Replicating that finding in other data sets would help to strengthen the study’s conclusions, says Zhongshan Cheng, a bioinformatician at St. Jude Children’s Research Hospital in Memphis, Tennessee. Many of the data used in the long-COVID analysis were also used in the analysis that found a link between FOX4P and severe COVID-19, he notes. Fresh data would help to rule out the possibility that other factors, such as lung cancer, could have influenced the apparent association with FOX4P.
4) “Natural history of long-COVID in a nationwide, population cohort study“ Nature (July 13, 2023). N = 160,781.
From the Abstract:
Previous studies on the natural history of long-COVID have been few and selective. Without comparison groups, disease progression cannot be differentiated from symptoms originating from other causes. The Long-COVID in Scotland Study (Long-CISS) is a Scotland-wide, general population cohort of adults who had laboratory-confirmed SARS-CoV-2 infection matched to PCR-negative adults.
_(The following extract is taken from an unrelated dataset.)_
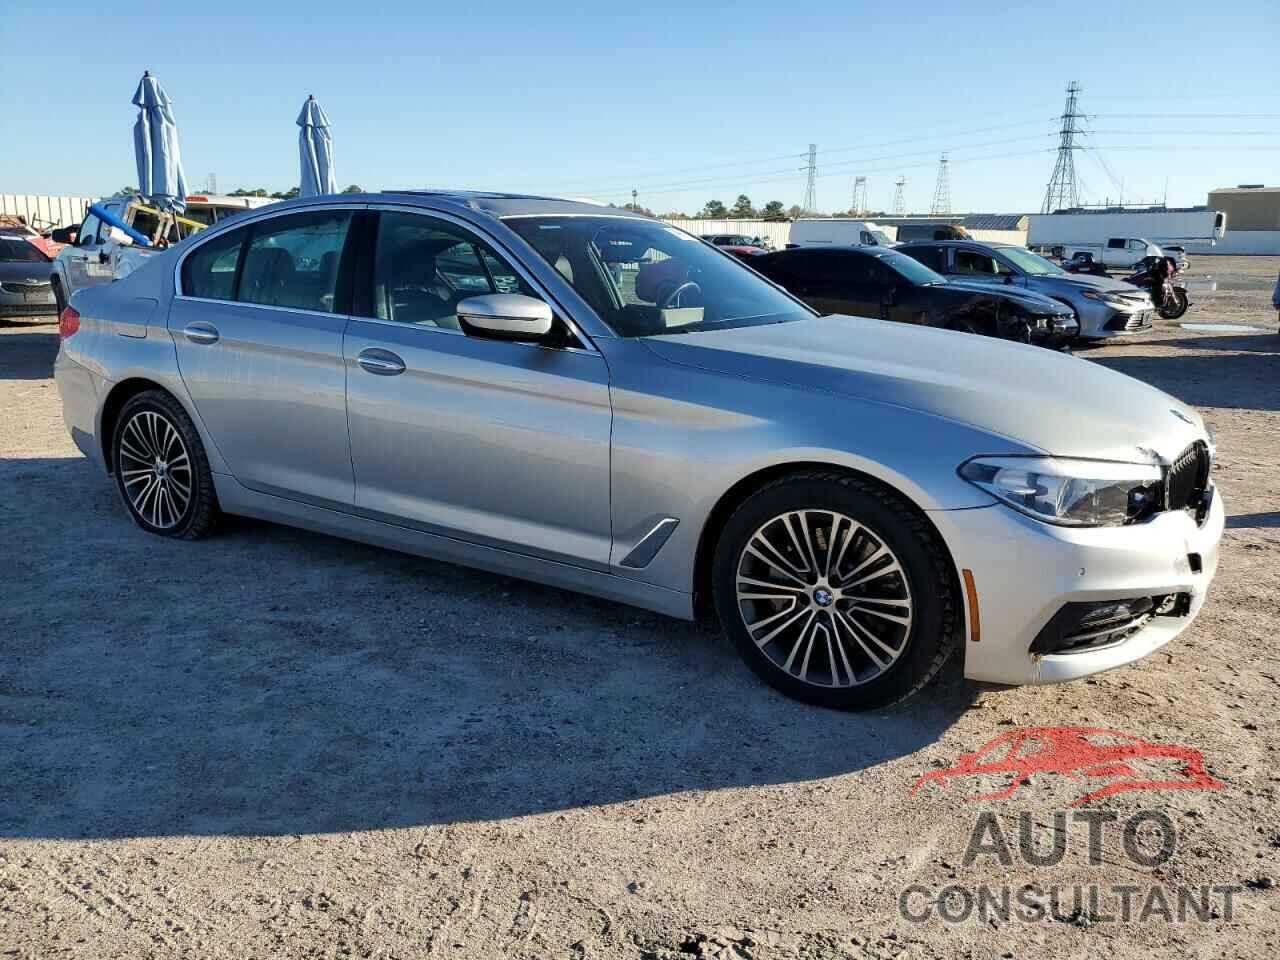 BMW 5 SERIES 2018 - WBAJA7C51JWA74110

Understanding the scale and natural history of long-COVID is essential to planning health and social care. The majority of studies report the prevalence of long-COVID at a single timepoint post-infection, with some adjusting for pre-existing symptoms. Less is known about changes in long-COVID over time…. [W]hile long-COVID may be a stable condition in some, existing evidence suggests that others may experience recovery, relapse, or progression. We use serial questionnaire data from the long-COVID in Scotland Study (Long-CISS)20 to investigate the natural history of long-COVID in an unselected, general population cohort with laboratory-confirmed SARS-CoV-2 infection compared with symptoms in an age-, sex-, and socioeconomically-matched group of people who have never been infected.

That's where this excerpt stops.